Перед уходом я пошарила по ящикам комода и стащила у Гены заначенные зажигалку с сигаретами. Свечи — слишком подозрительно. Огонь — так огонь, рука — так рука. Конспираторы хреновы…

Осторожно закрыв входную дверь, я с минуту постояла на площадке, но кипиша не последовало. И на улице, посмотрев на окна квартиры, ничего подозрительного не заметила. Только тени от цветочного пламени плясали на стенах и потолке. Я натянула шарф на лицо, съежилась под порывами колючего ветра и быстро пошла в сторону родительского дома. Всё рядом, м-да. Алька жила на соседней улице, до Маргартиы Степановы — пять домов и одна подворотня. И пятнадцать этажей. А напротив ее квартиры — хата родителей. Всё рядом. Ближе некуда.

Надеюсь, деды знают, что делают. А я — не впадаю в паранойю, вновь выдавая желаемое за действительное. И… голос, будь добр, заткнись.

Метель улеглась, и до дома я добежала, почти не замерзнув, быстро и без приключений. На ступеньках крыльца нерешительно остановилась и недовольно посмотрела на домофон. Кругом одни параноики с манией преследования. В родной с детства подъезд без ключей не попасть. Вернувшись на дорогу, я задрала голову и констатировала отсутствие родителей.
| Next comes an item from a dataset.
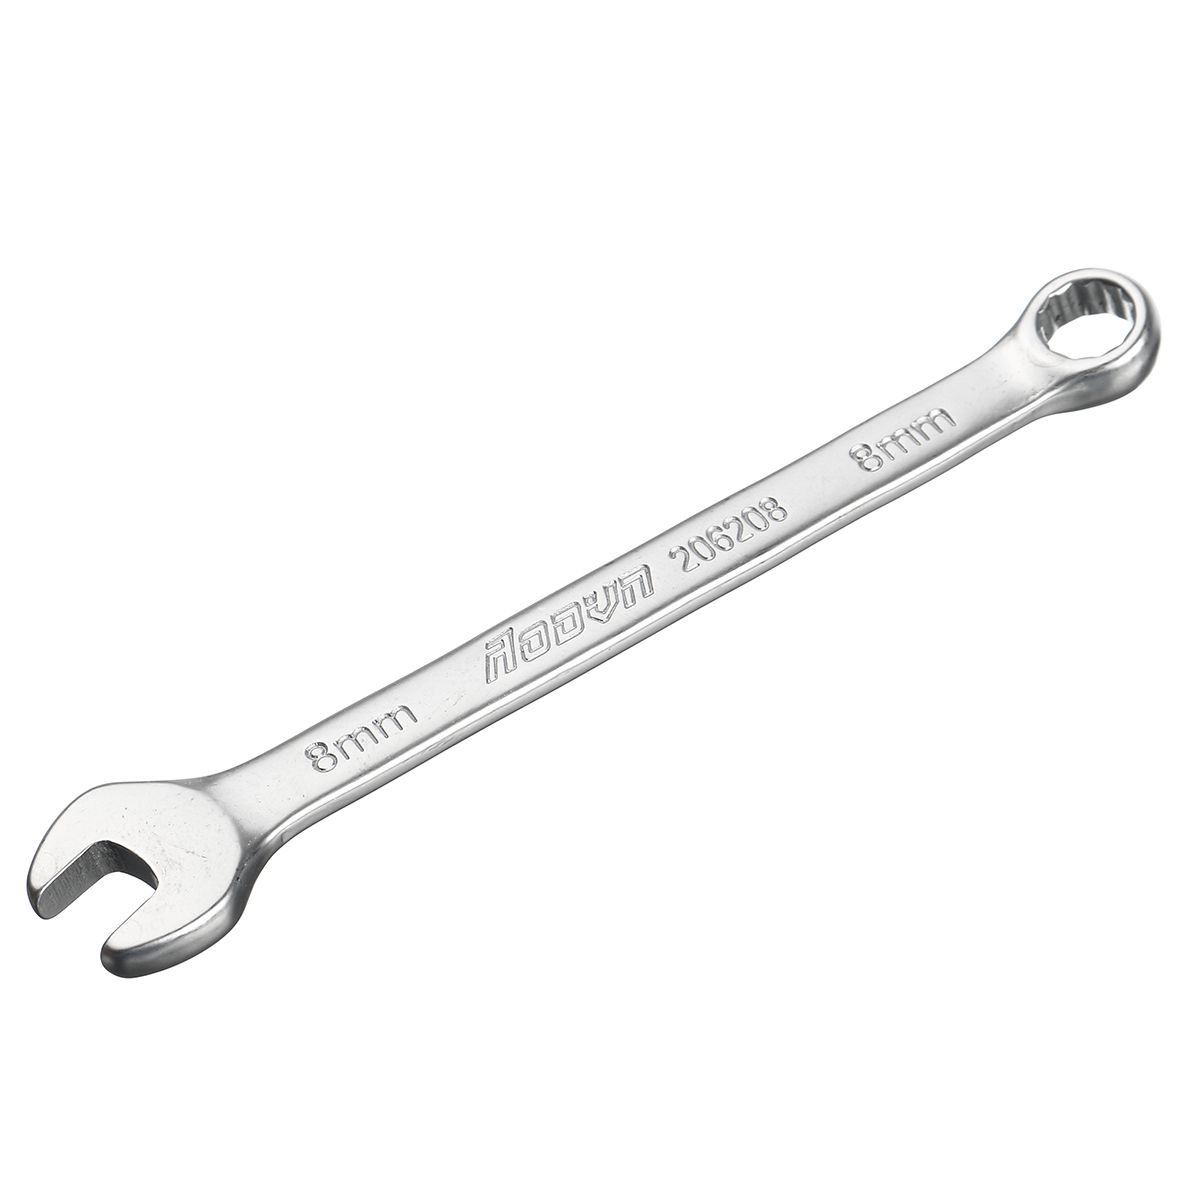 8-22mm-Reversible-Head-Ratchet-Wrench-Socket-Spanner-Nut-Polished-Hand-Tool-1690331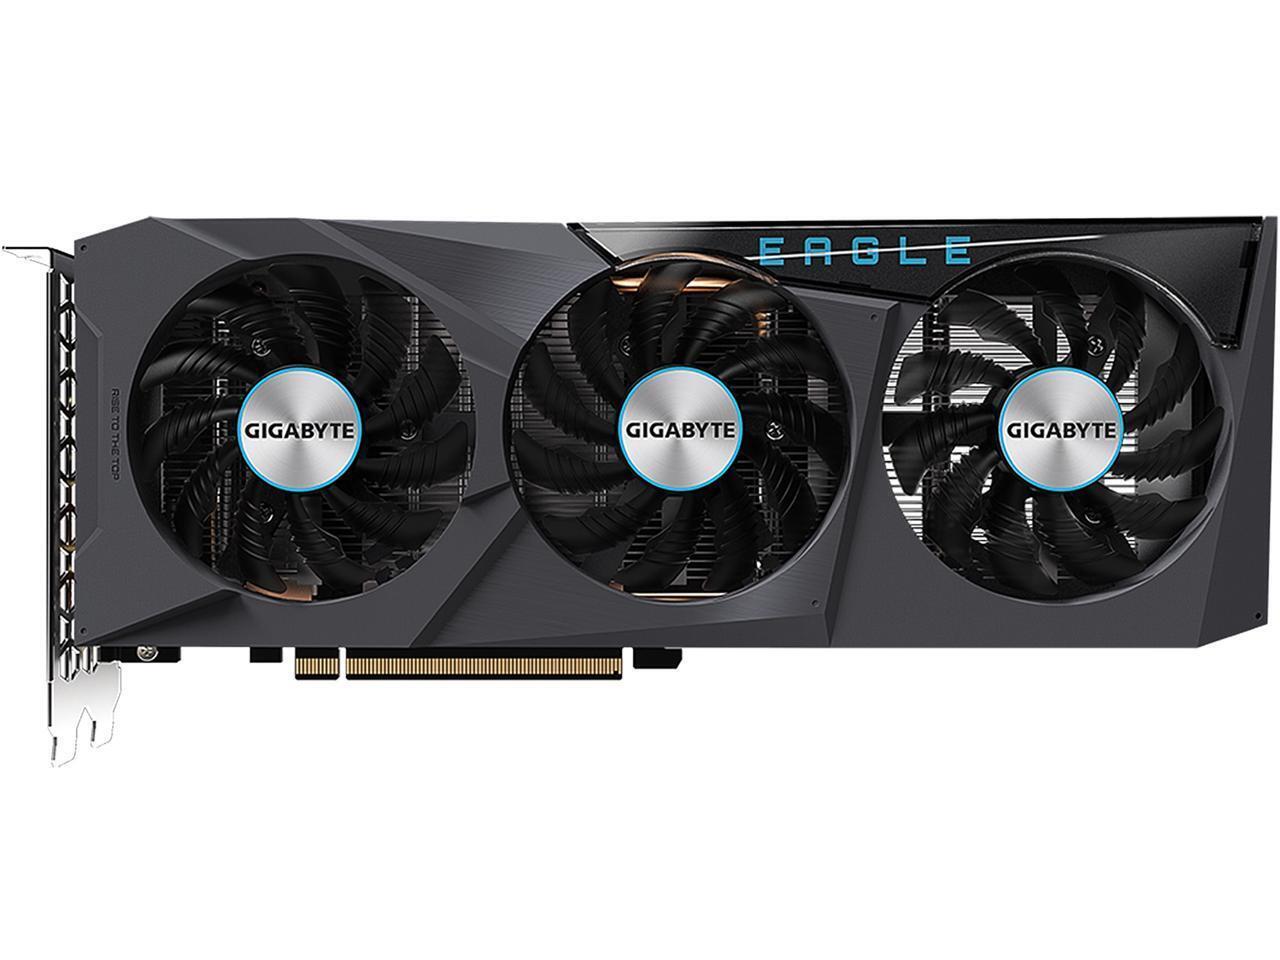 GIGABYTE Radeon RX 6600 EAGLE 8G Graphics Card, WINDFORCE 3X Cooling System, 8GB

Оба полуночники, и если у них была возможность не спать часов до пяти утра, они ею пользовались. Но время — второй час ночи, а окна темные. По гостям, что ли, курсируют?

Я прикинула, что можно позвонить соседям снизу — окна светятся, значит, не спят. Скажу, что ключ от домофона потеряла. Я потянулась набирать номер, но меня опередили. Дверь приглашающе скрипнула и открылась. О, меня ждут. Это приятно, да. Инстинкт самосохранения на пару с боязливостью по-прежнему пребывал в отключке, и слава богу. Я осторожно вошла, поднялась по ступенькам к лифу и едва не споткнулась, узрев встречающего.

— Привет, — улыбнулся «парень с собакой». Последняя, оказывается, тенью кралась следом за мной. — Как дела?

Все лучше и лучше… Так, Вася, маска. Как на работу. Ты три года проработала с толпой ненормальных, а сейчас штуки три будет в лучшем случае. Если не считать псину. И меня. «Парень», Маргарита Степановна и мистер Икс. Черт, никогда уравнения решать не умела. А пятерки по матнаукам в школьный аттестат получила благодаря наивным глазам и умению Валика суфлировать, писать «шпоры» и решать за урок два варианта контрольных.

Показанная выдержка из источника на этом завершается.